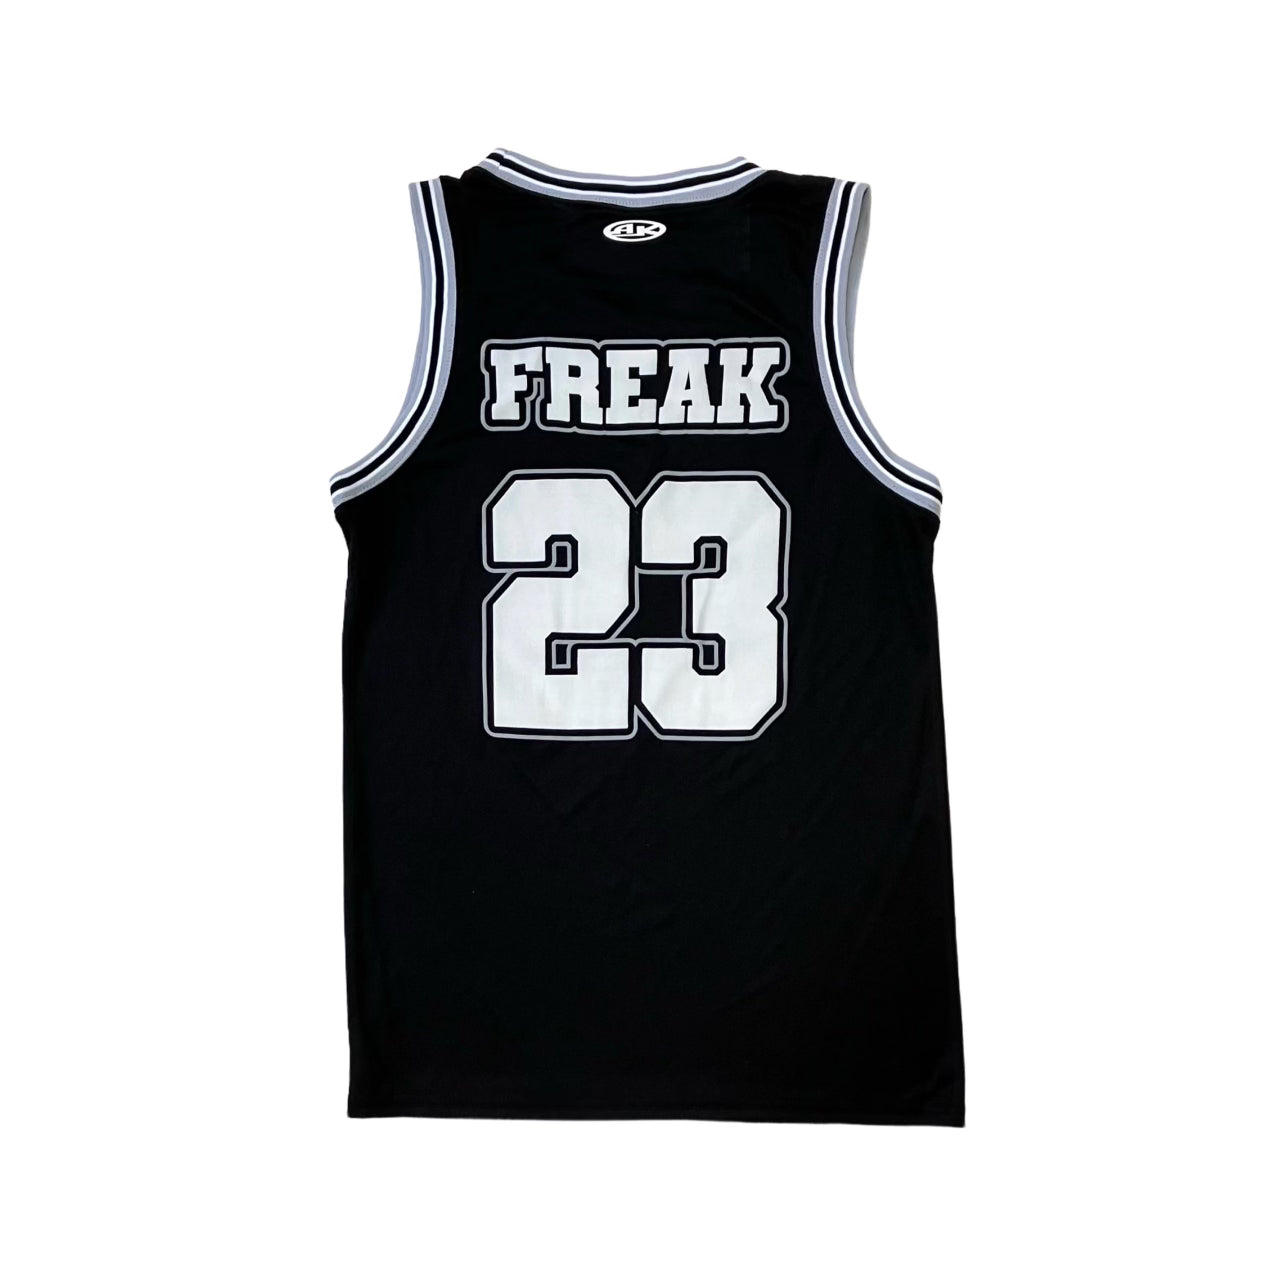 Freak Basketball Jersey
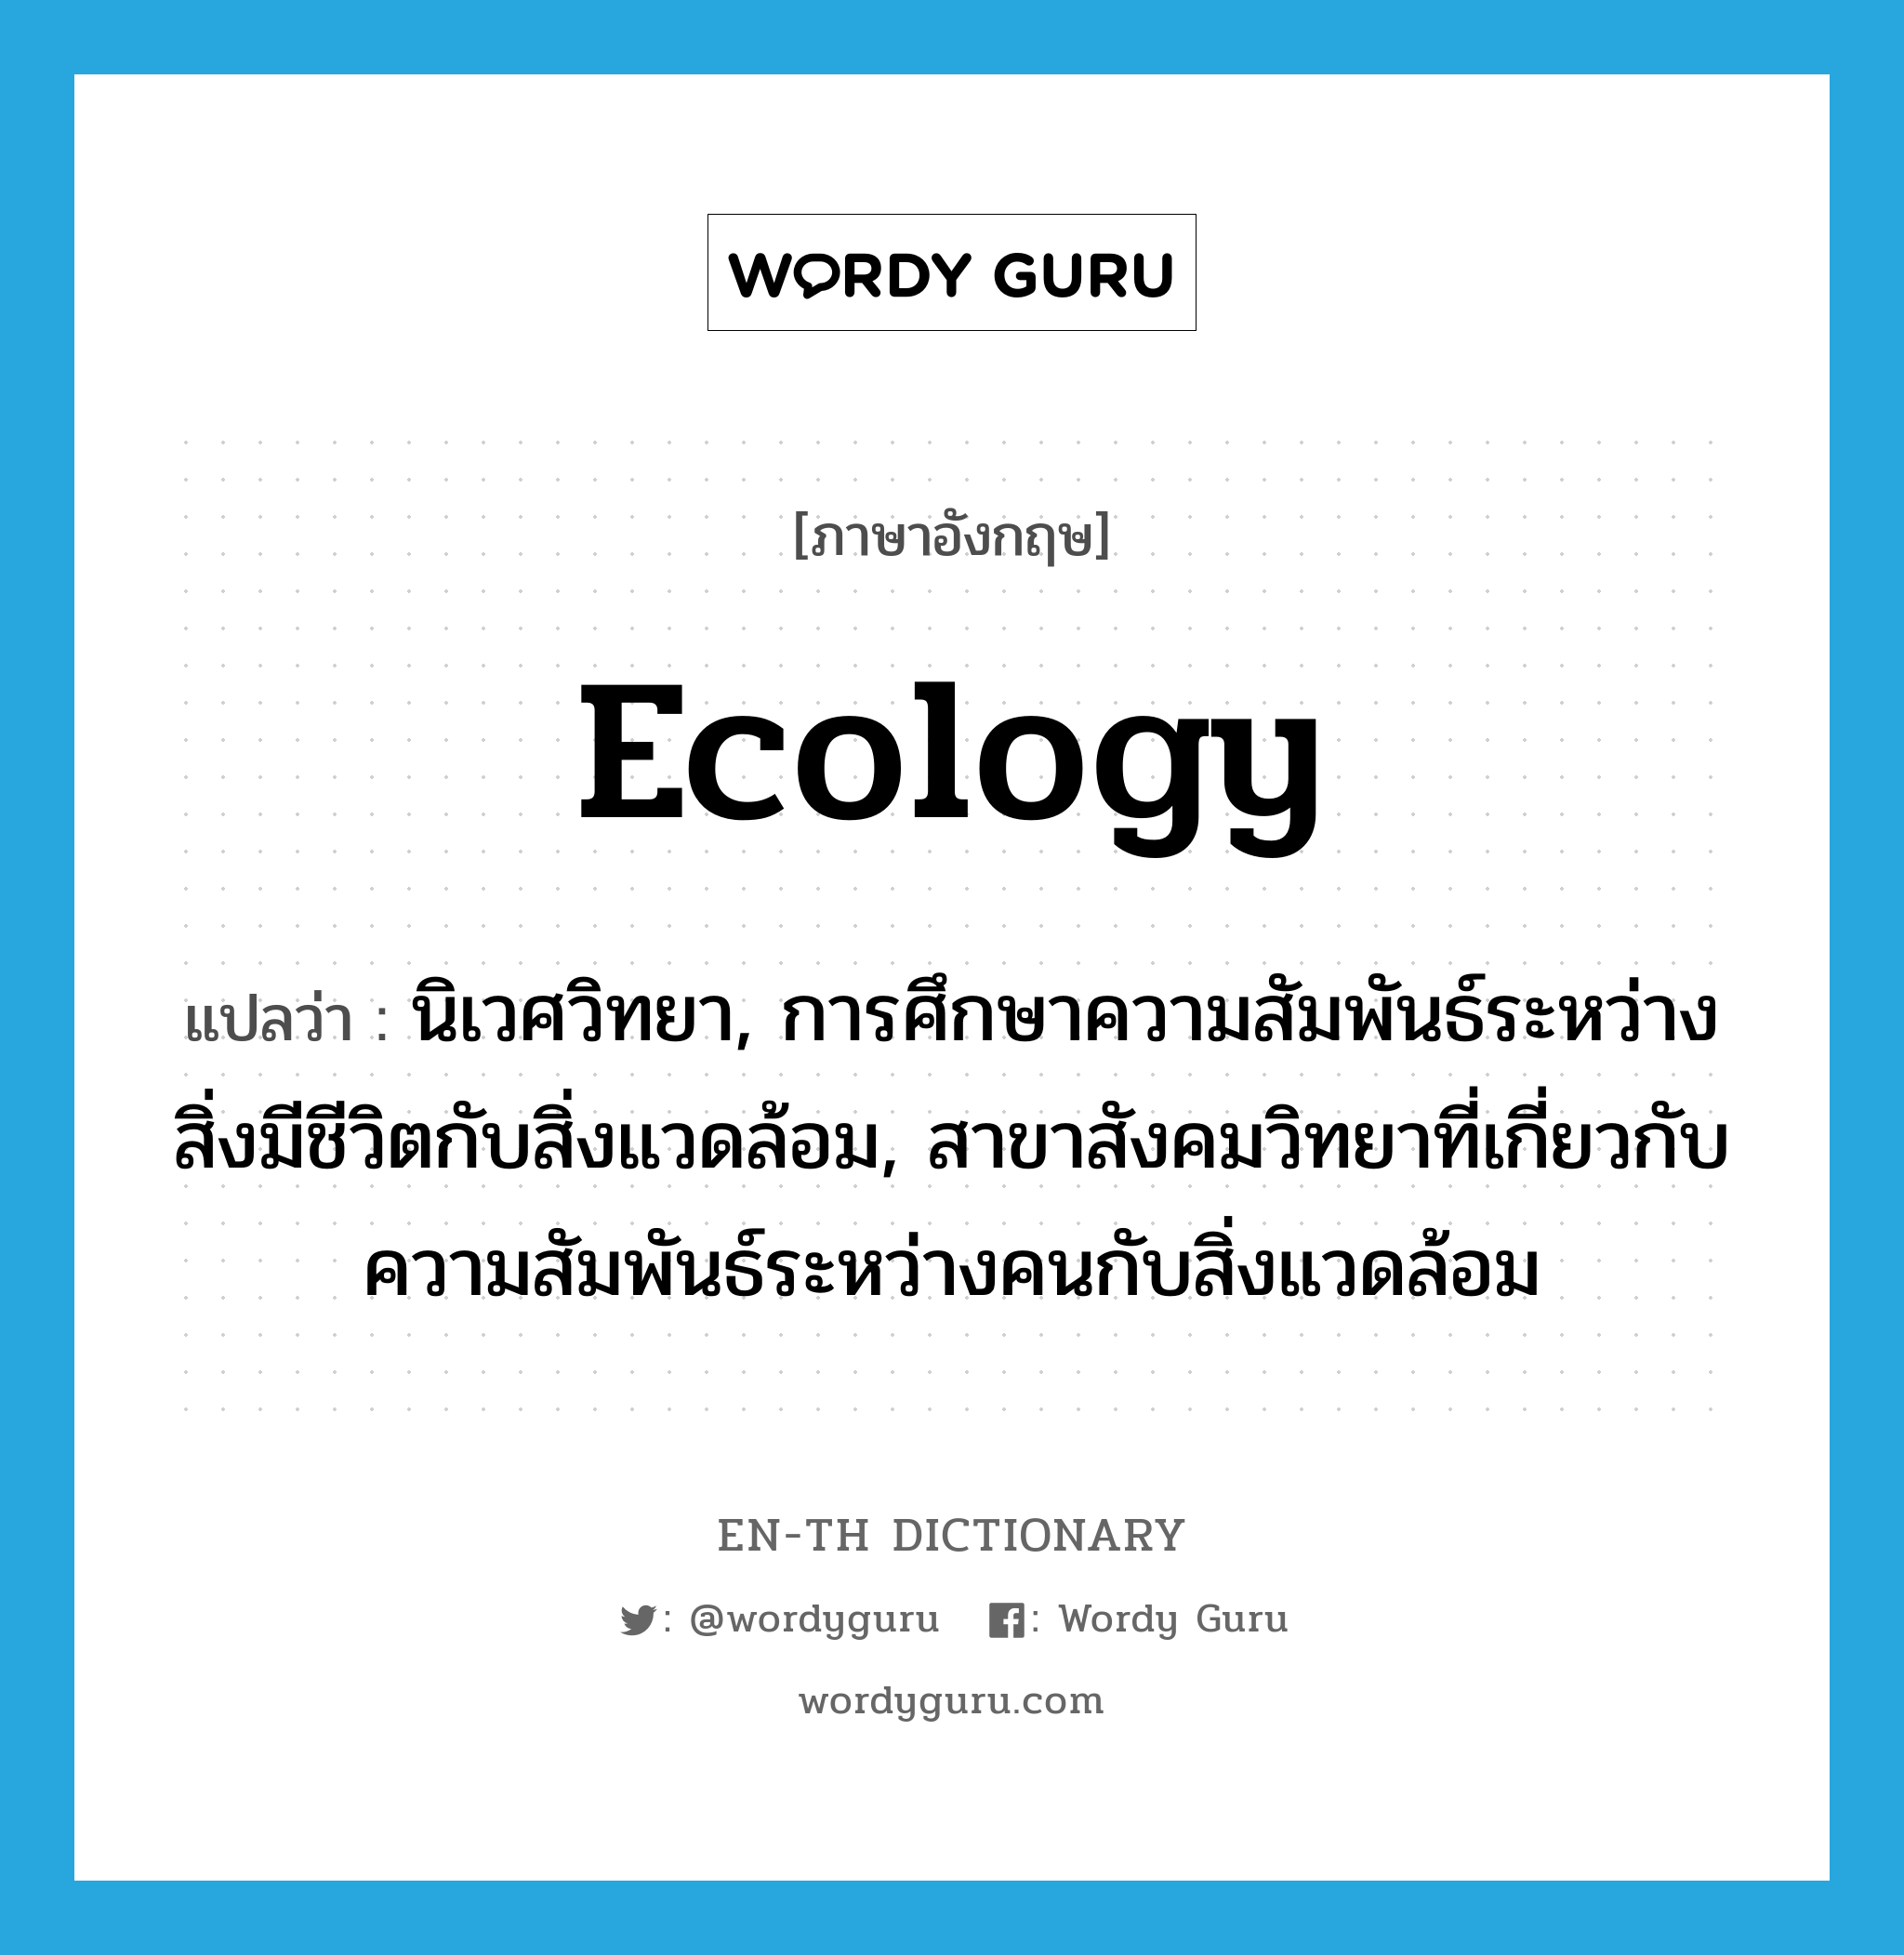 ecology แปลว่า?, คำศัพท์ภาษาอังกฤษ ecology แปลว่า นิเวศวิทยา, การศึกษาความสัมพันธ์ระหว่างสิ่งมีชีวิตกับสิ่งแวดล้อม, สาขาสังคมวิทยาที่เกี่ยวกับความสัมพันธ์ระหว่างคนกับสิ่งแวดล้อม ประเภท N หมวด N
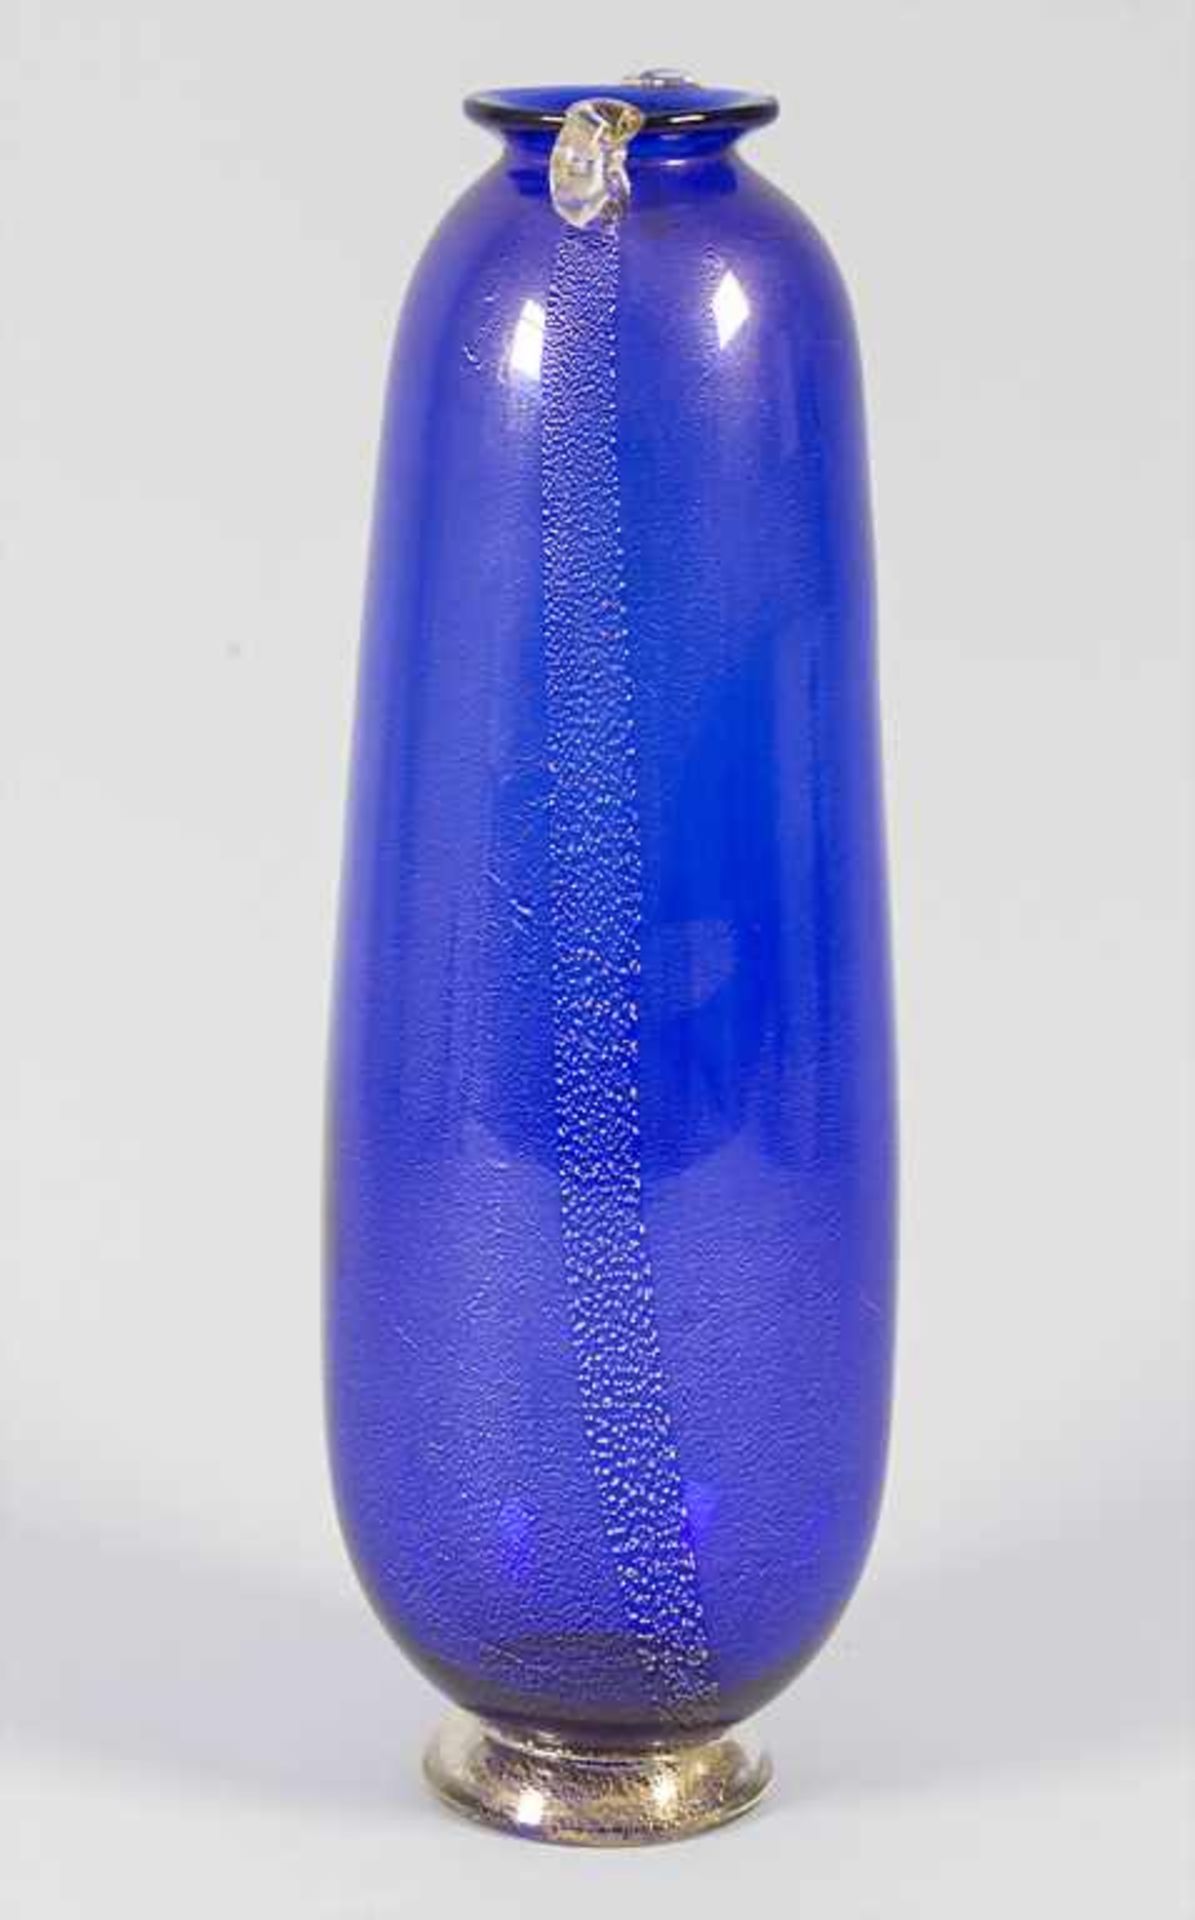 Glasziervase / A decorative glass vase, wohl AVEM (Arte Vetraria Muranese), Murano, 40/50er Jahre, - Bild 2 aus 6

---*---

- Problem to solve:
The material is to be reproduced verbatim, and no picture may appear in the copy.

- Answer for the task:
 Freak Basketball Jersey
 ecology แปลว่า?, คำศัพท์ภาษาอังกฤษ ecology แปลว่า นิเวศวิทยา, การศึกษาความสัมพันธ์ระหว่างสิ่งมีชีวิตกับสิ่งแวดล้อม, สาขาสังคมวิทยาที่เกี่ยวกับความสัมพันธ์ระหว่างคนกับสิ่งแวดล้อม ประเภท N หมวด N
 Glasziervase / A decorative glass vase, wohl AVEM (Arte Vetraria Muranese), Murano, 40/50er Jahre, - Bild 2 aus 6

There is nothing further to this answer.